Corte di Cassazione, sezione penale, Sezione III 05/07/1996 n. 6775
legge 109/94 Articoli 34, 8 - Codici 34.1, 8.3
L'art. 21 della legge 13 settembre 1982 n. 646 e s. m., che statuisce la necessità dell'autorizzazione al subappalto, non è stato abrogato implicitamente dall'art. 34 della legge 11 febbraio 1994 n. 109 e s.m.; quest'ultima normativa, prevedendo che il contratto di subappalto debba essere depositato nei novanta giorni successivi dall'aggiudicazione dell'appalto unitamente alla certificazione attestante l'iscrizione del subappaltatore nell'Albo dei costruttori, non garantisce il controllo preventivo da parte della P.A.; pertanto, l'autorizzazione è ancora indispensabile, dovendo la stazione appaltante eseguire, dopo l'aggiudicazione dell'appalto, le verifiche anche di natura tecnica stabilita dal secondo comma dell'art. 21 della legge 13 settembre 1982 n. 646 con riferimento al subappaltatore; la legge 11 febbraio 1994 n. 109 e s.m., inoltre, ha espressamente disciplinato la conformità del regolamento alla disciplina antimafia e, quindi, al rispetto della legge 13 settembre 1982 n. 646; per i subappalti posti in essere tra la vigenza del D.L. vo 19 dicembre 1991 n. 406 (art. 34) - che introduceva l'autorizzazione per silenzio assenso e la legge 11 febbraio 1994 n. 109 e s.m.- che non mantiene tale istituto - è necessario che il giudice di merito accerti se i lavori « siano stati assentiti tacitamente ».

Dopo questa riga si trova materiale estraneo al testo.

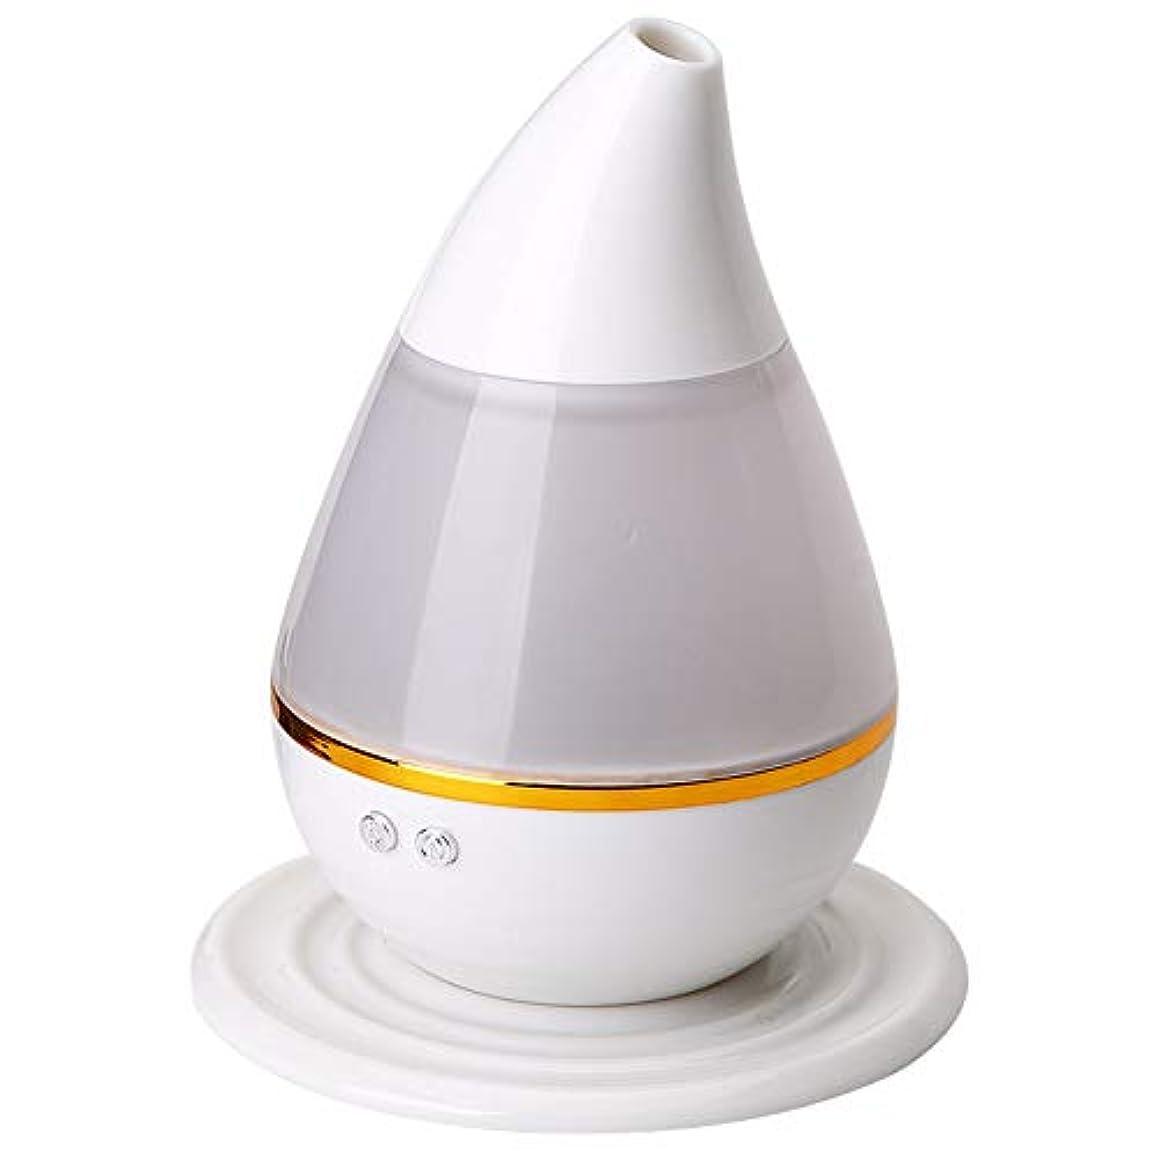 アプト講義ラビリンスエッセンシャル オイル ディフューザー, 涼しい霧の加湿器 7色LEDムードランプ そして 自動シャットオフ アロマディフューザー の ホーム オフィス Yoga 車-ホワイト 12x15cm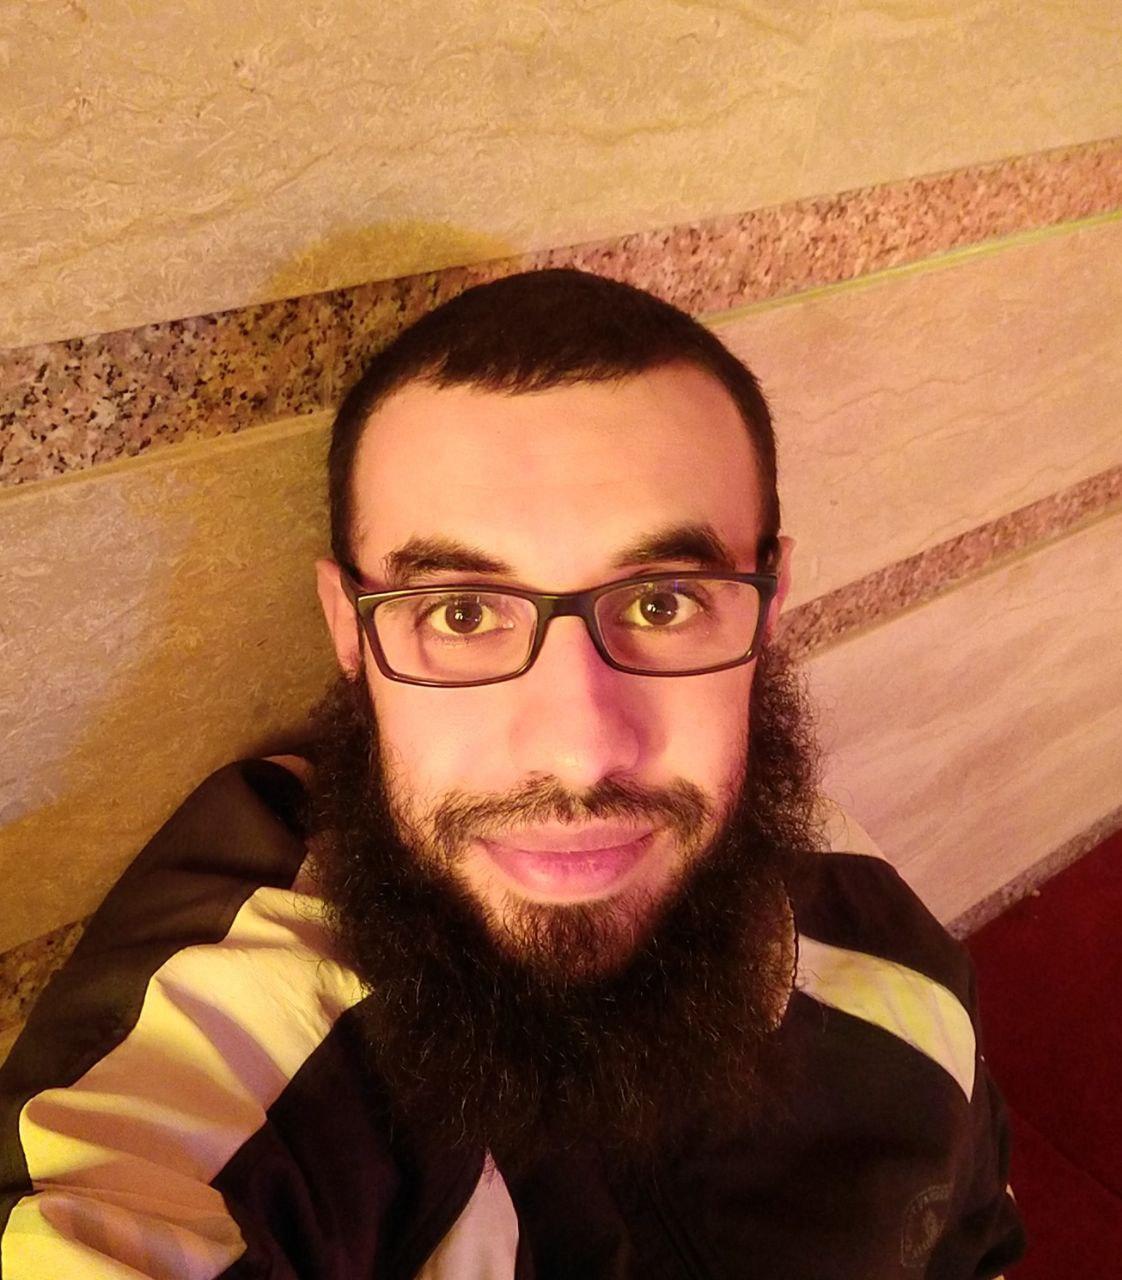 Taher avatar

Corte di Cassazione, sezione penale, Sezione I 04/12/1995 n. 11862
legge 109/94 Articoli 34, 8 - Codici 34.1, 8.3
La contravvenzione prevista dall'art. 21 della legge 13 settembre 1982 n. 646 e s.m.(concessione in subappalto di lavori appaltati da Ente pubblico, senza l'autorizzazione di questo) è reato istantaneo, il cui momento consumativo coincide con la concessione dei lavori in subappalto (nella specie, con la conclusione di c.d. « nolo a freddo », che dissimulava il contratto di subappalto).